And then there’s photos….

And then there's photos. If I tried to figure out what actually spurred me to make a change in my weight, four things probably come up:

  • Breaking up with Kevin: It made me feel oddly 'single', in a way I hadn't been in over a decade. Like I might be on 'the market' again. I still feel kind of weird about this reason -- there's that old sense of, "why would I want someone who only loves me when I'm thin?" But on the other hand, there's getting people's attention in the first place...once they love you, love you properly, that's when it really shouldn't matter.

  • Starting to think about going on the academic job market: I'd drifted into most jobs I'd had before -- they weren't jobs I'd gone in caring about. Whereas I can imagine, next year December, interviewing for jobs I really want (like maybe a tenure-track professorship at UIC, Kevin's school, which actually does offer a Ph.D. in Creative Writing, the kind of program I'd love to teach at eventually). Would looking beautiful give me an extra edge? Probably, human nature being what it is.

  • Realizing that size 14 fit better than size 12: This one was particularly scary because going up one more size would have meant switching to shopping in the "Women's" section, which is an euphemism for the fat women's section. Lane Bryant instead of Express. It felt like a major shift. These days, I'm pleased that size 10 often fits, with the occasional 12. 14's hang on me. Still aiming for 8, though.

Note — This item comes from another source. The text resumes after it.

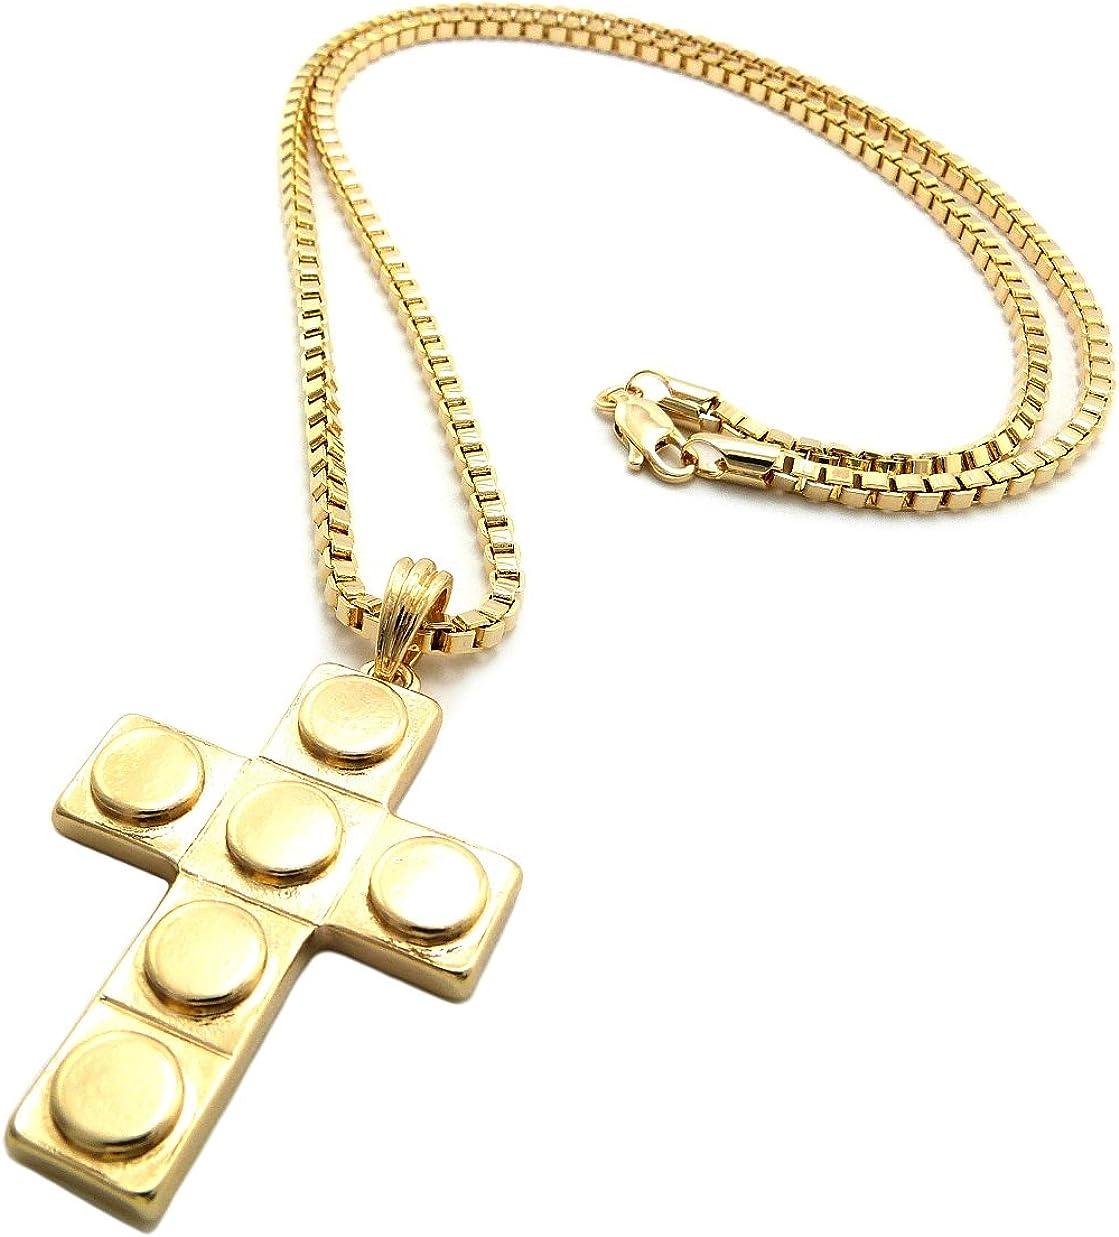 NYFASHION101 Toy Block Style Cross Micro Pendant 3mm 24 Box Chain Necklace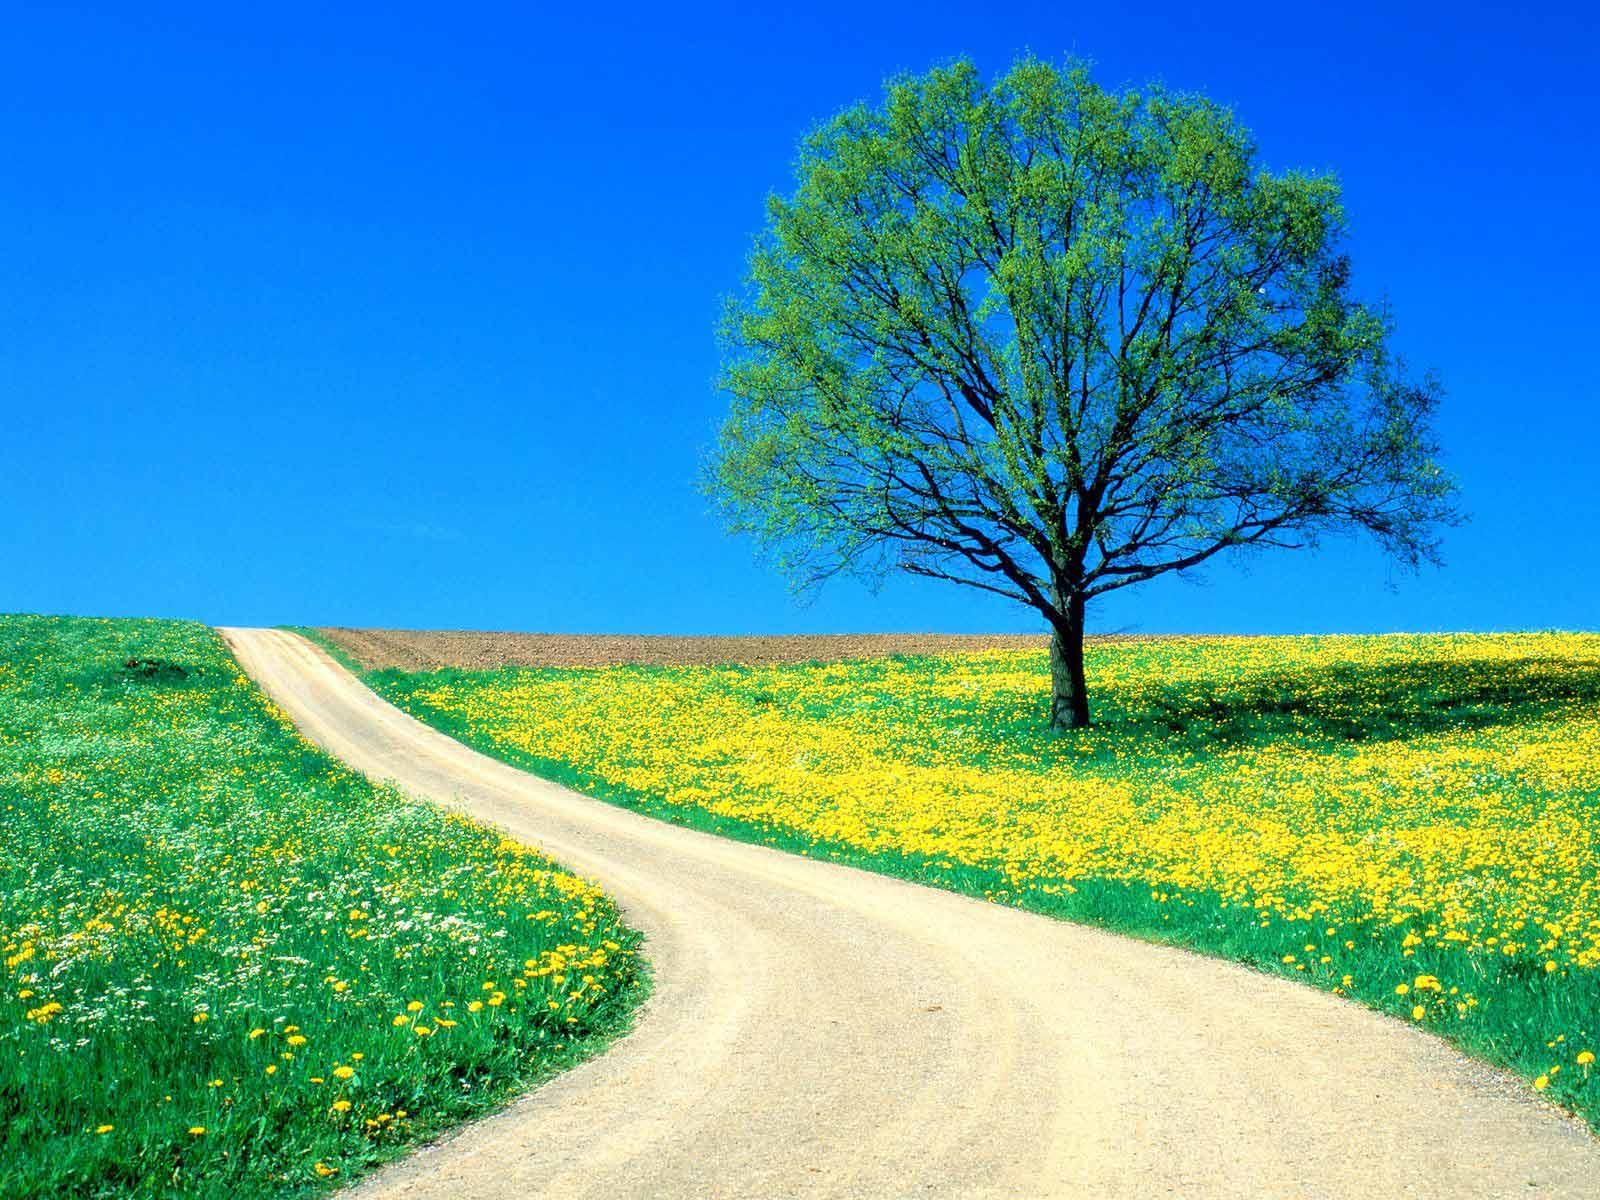 http://2.bp.blogspot.com/-oozGeZmZtEA/TeFwIwo5HDI/AAAAAAAAAF4/cBjr6_owLO4/s1600/spring_wallpapers_free_Flowers___Spring_Road.jpg

  • And finally, not seeing a single photo of me that I thought looked good in several years.
Zak wrote:

"I'll verify that you looked better the last time I saw you than when I saw you that time up in LA with Lisette. Not night/day better, but you definitely look more like you. If that makes any sense. The pictures of you from your college days look more fundamentally like you to me, somehow. Even though I didn't know you then, they're just a clearer expression of who you seem to be."

In college, most pictures of me looked fine. Good, even. As the years went on, fewer and fewer did. Last year, it seemed like a friend could take a hundred photos of me and not get a single attractive one. That was very bad. I could still look in a mirror and think I looked fine -- but it seemed I must be doing some mental editing then, if the camera photos didn't come out that way. It drove me bonkers. When Jason and I went to the cemetery last week, I took about seventy-five pictures of him, of which twenty-five or so came out well. He took about ten photos of me, of which one came out well. I can live with that ratio, though obviously a third is nicer than a tenth.

When I look at the photos from last year (which I mostly don't), I feel like the me I imagine myself to be was being buried in that extra flesh. Gross. It's such a tricky thing, though, because I've read stories from anorexic and bulimic girls who say exactly the same thing, even though they're stick-thin. It's remarkable how difficult it is to have a sane perspective on all this.